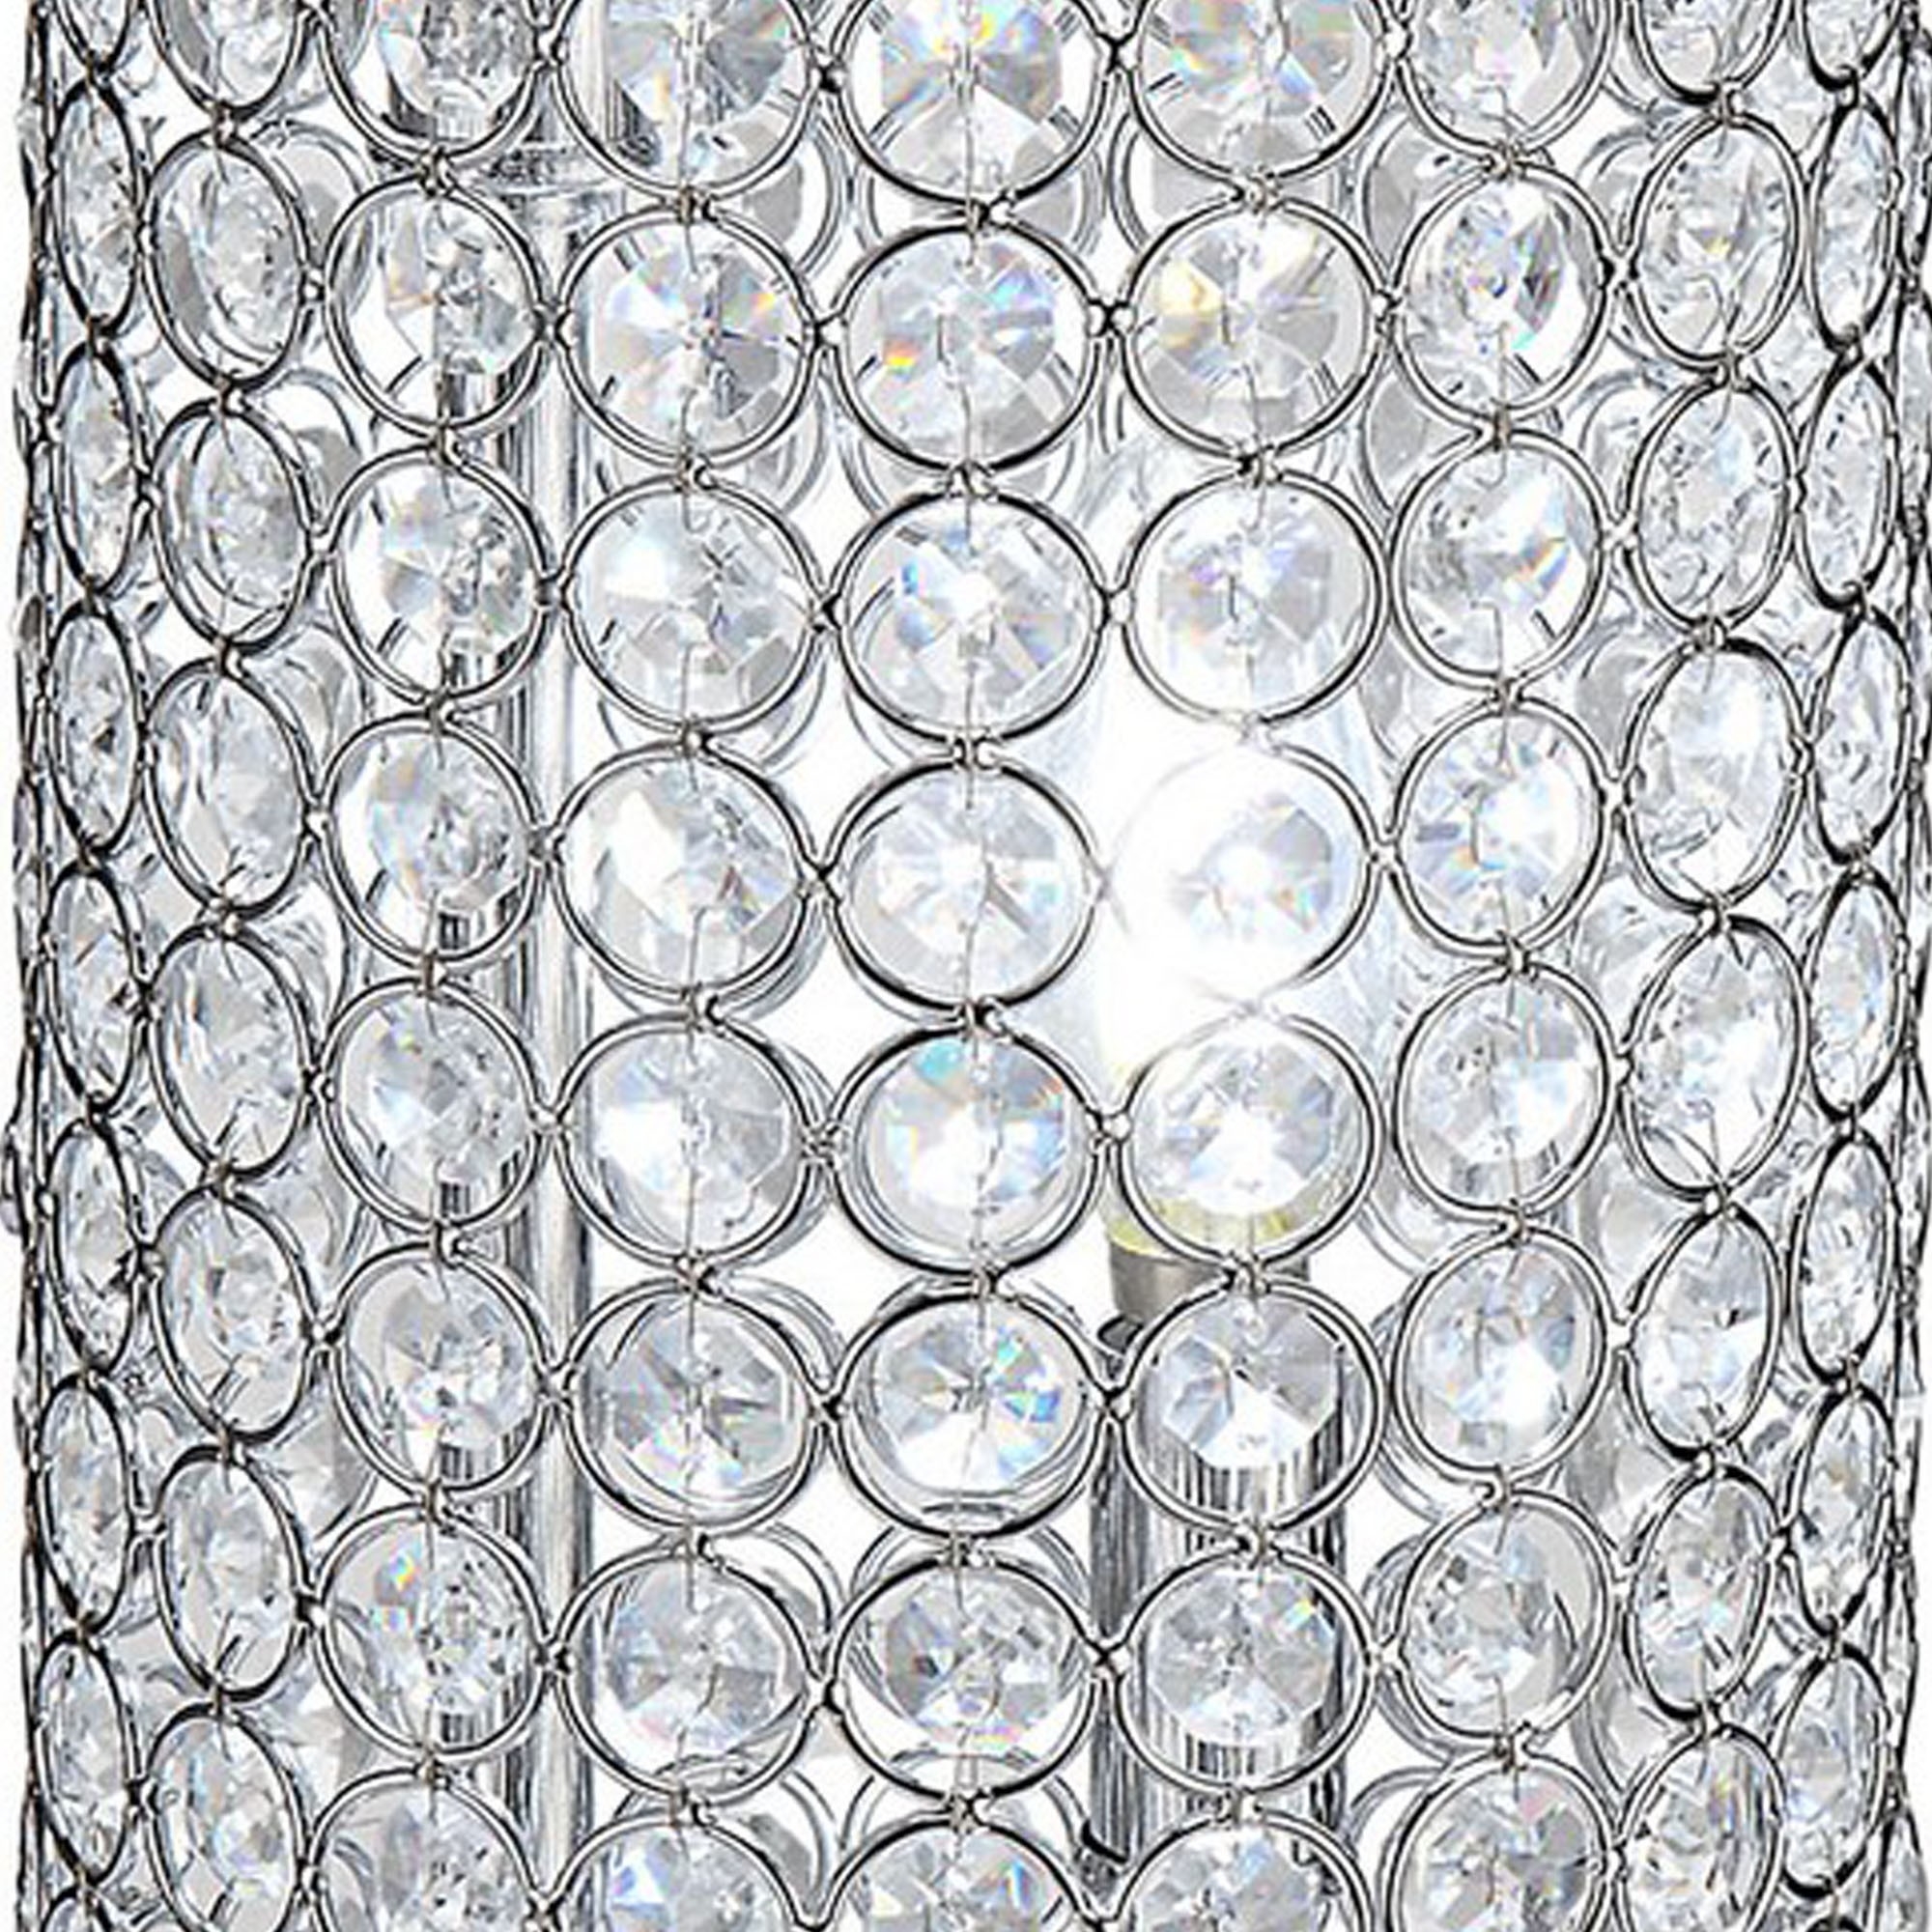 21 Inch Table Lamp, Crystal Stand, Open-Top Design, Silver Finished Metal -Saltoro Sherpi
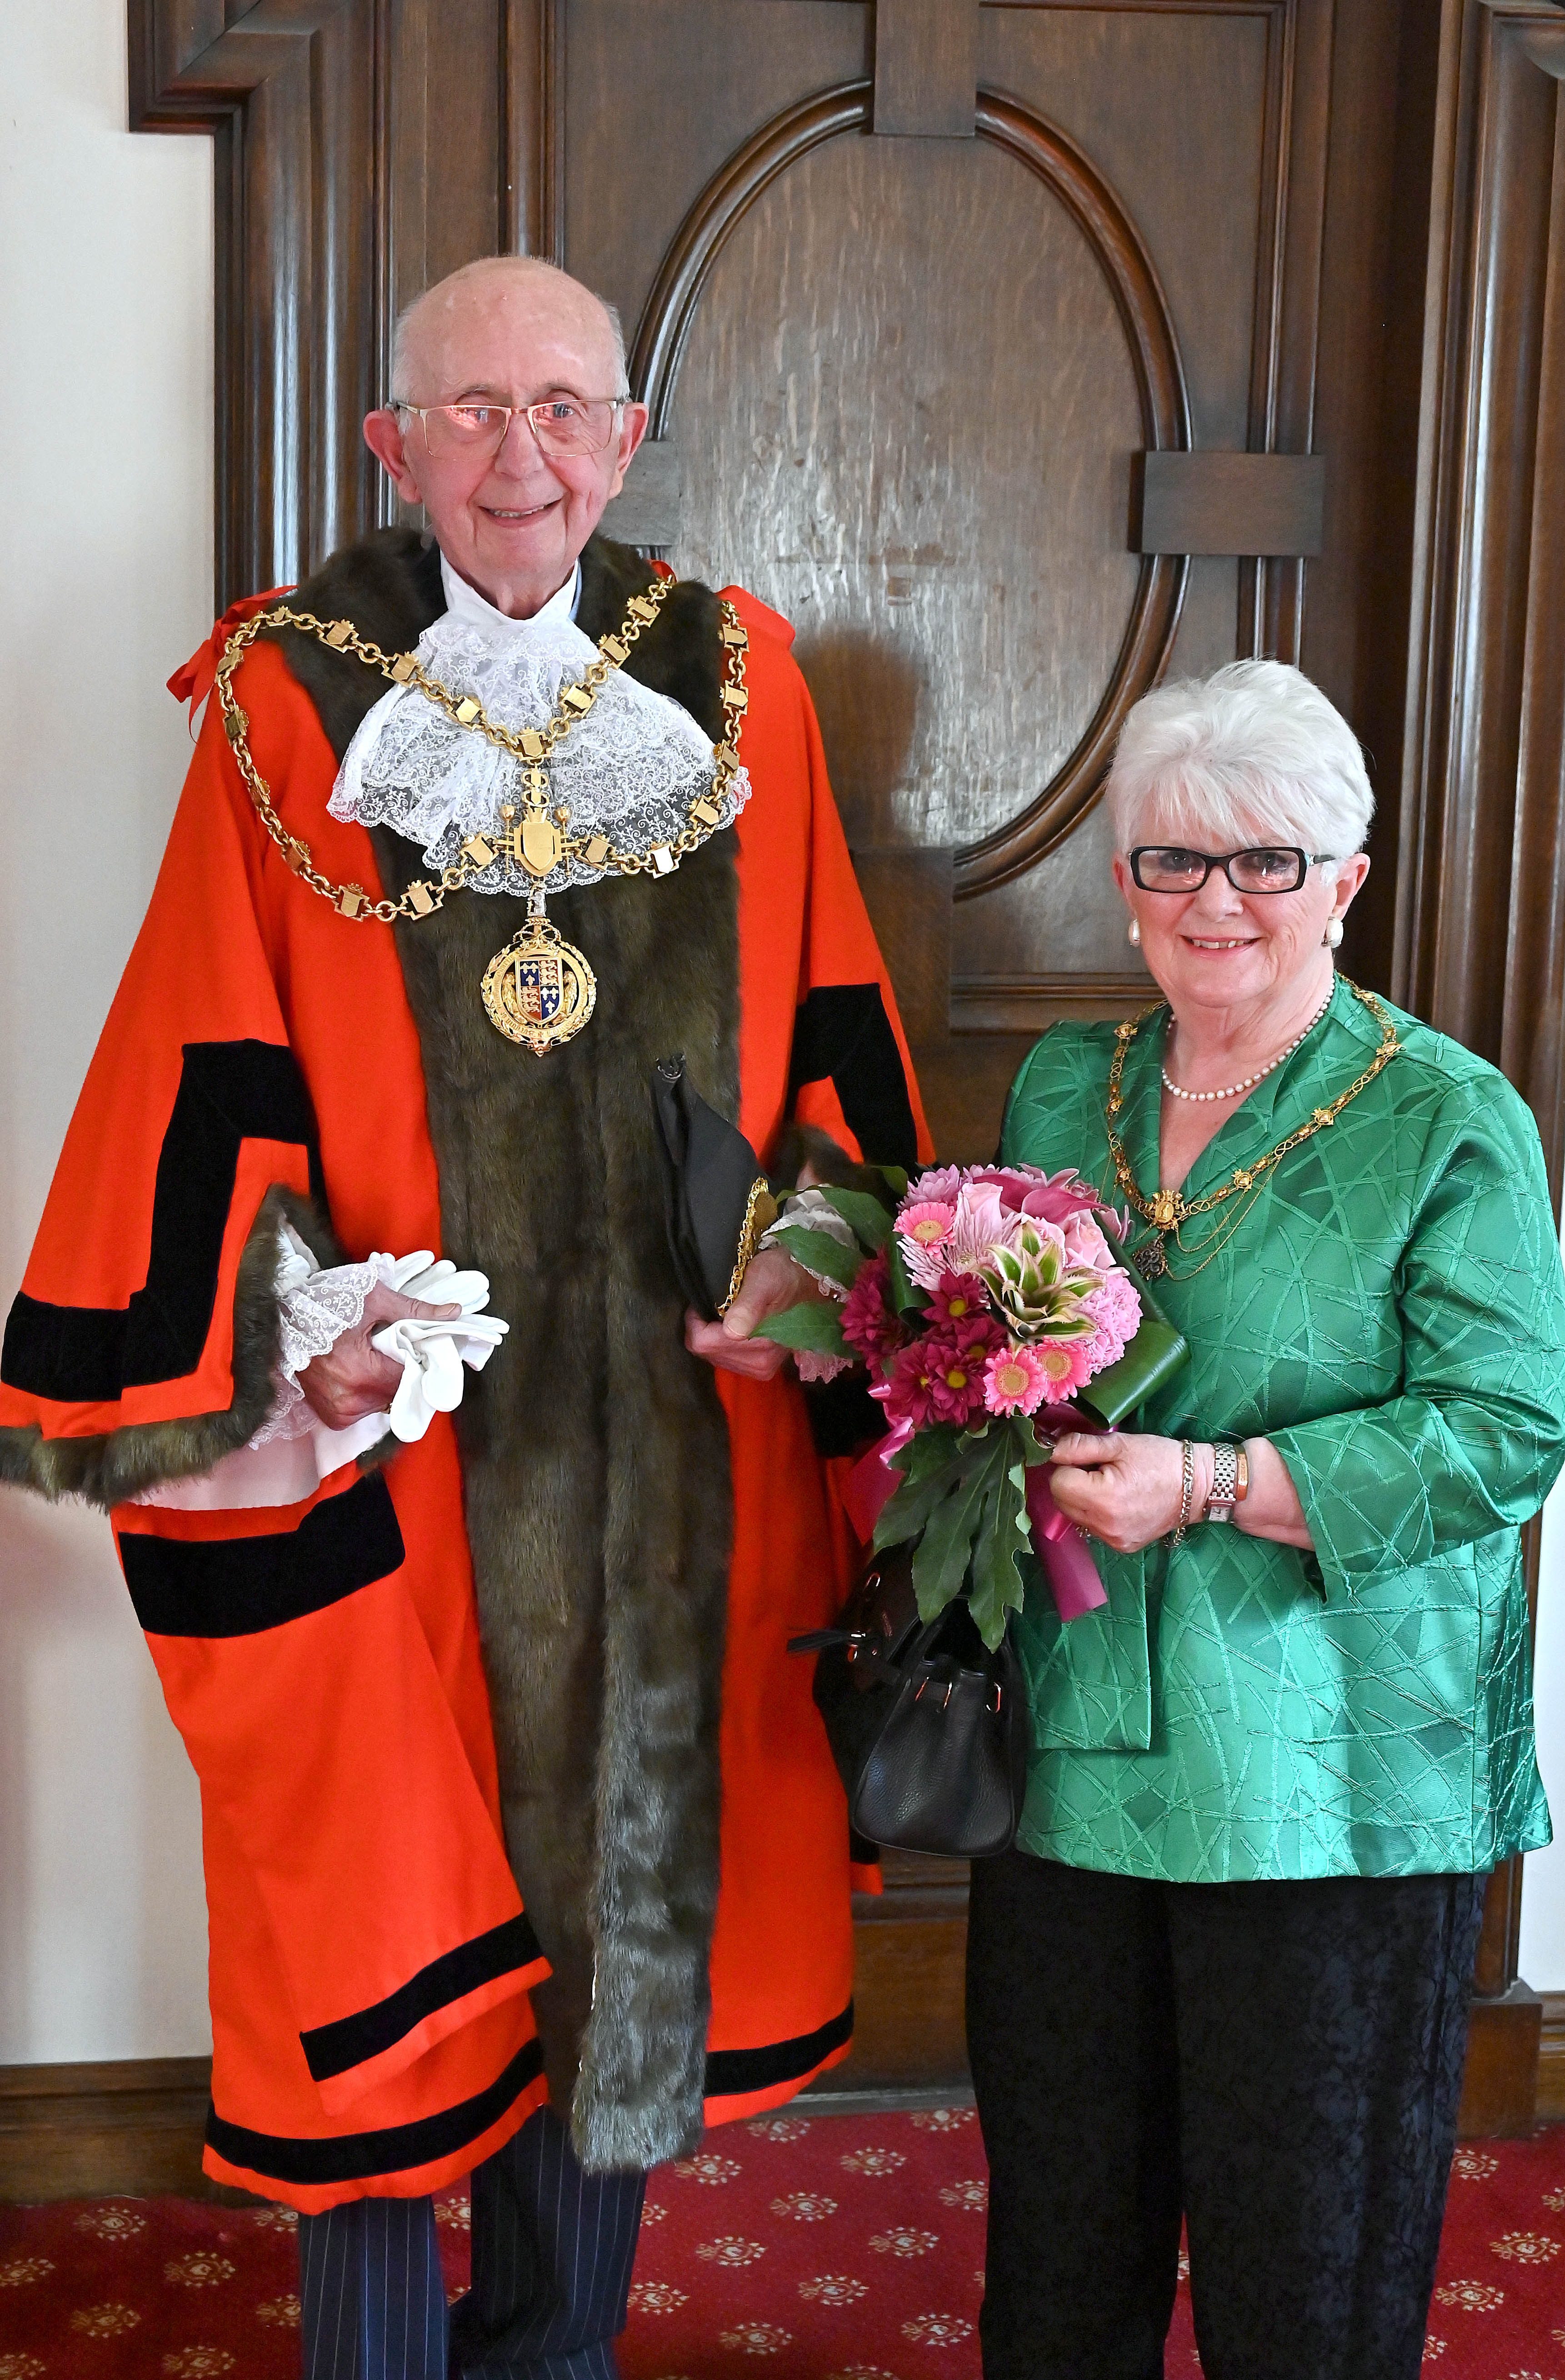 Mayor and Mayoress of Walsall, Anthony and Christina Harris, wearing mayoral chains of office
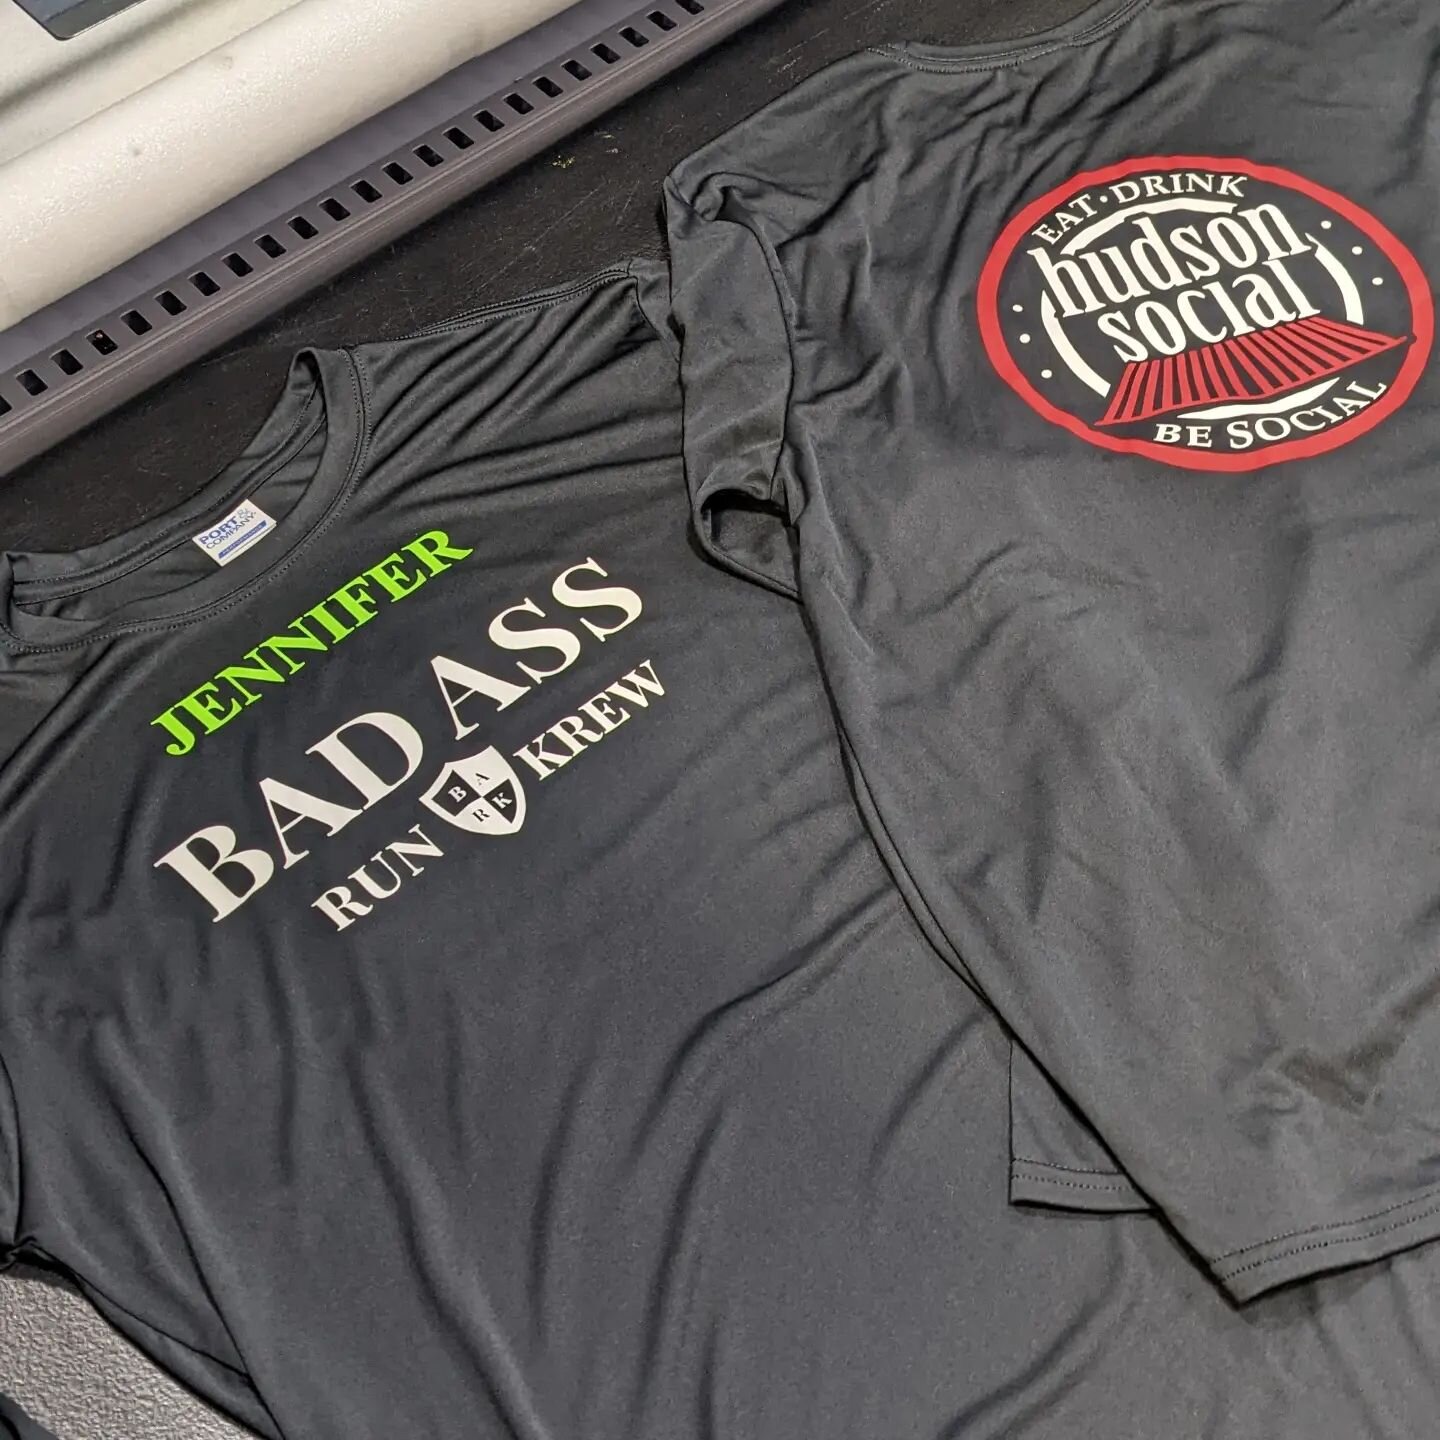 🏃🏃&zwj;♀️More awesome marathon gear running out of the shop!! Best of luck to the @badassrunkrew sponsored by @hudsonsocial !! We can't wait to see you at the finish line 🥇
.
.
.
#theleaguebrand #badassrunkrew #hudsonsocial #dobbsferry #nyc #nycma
----
**Task directions**
Leaving out the pictures, print every record exactly as written.

**Answer space**
 21 Inch Table Lamp, Crystal Stand, Open-Top Design, Silver Finished Metal -Saltoro Sherpi
 Mayor and Mayoress of Walsall, Anthony and Christina Harris, wearing mayoral chains of office
 🏃🏃&zwj;♀️More awesome marathon gear running out of the shop!! Best of luck to the @badassrunkrew sponsored by @hudsonsocial !! We can't wait to see you at the finish line 🥇
.
.
.
#theleaguebrand #badassrunkrew #hudsonsocial #dobbsferry #nyc #nycma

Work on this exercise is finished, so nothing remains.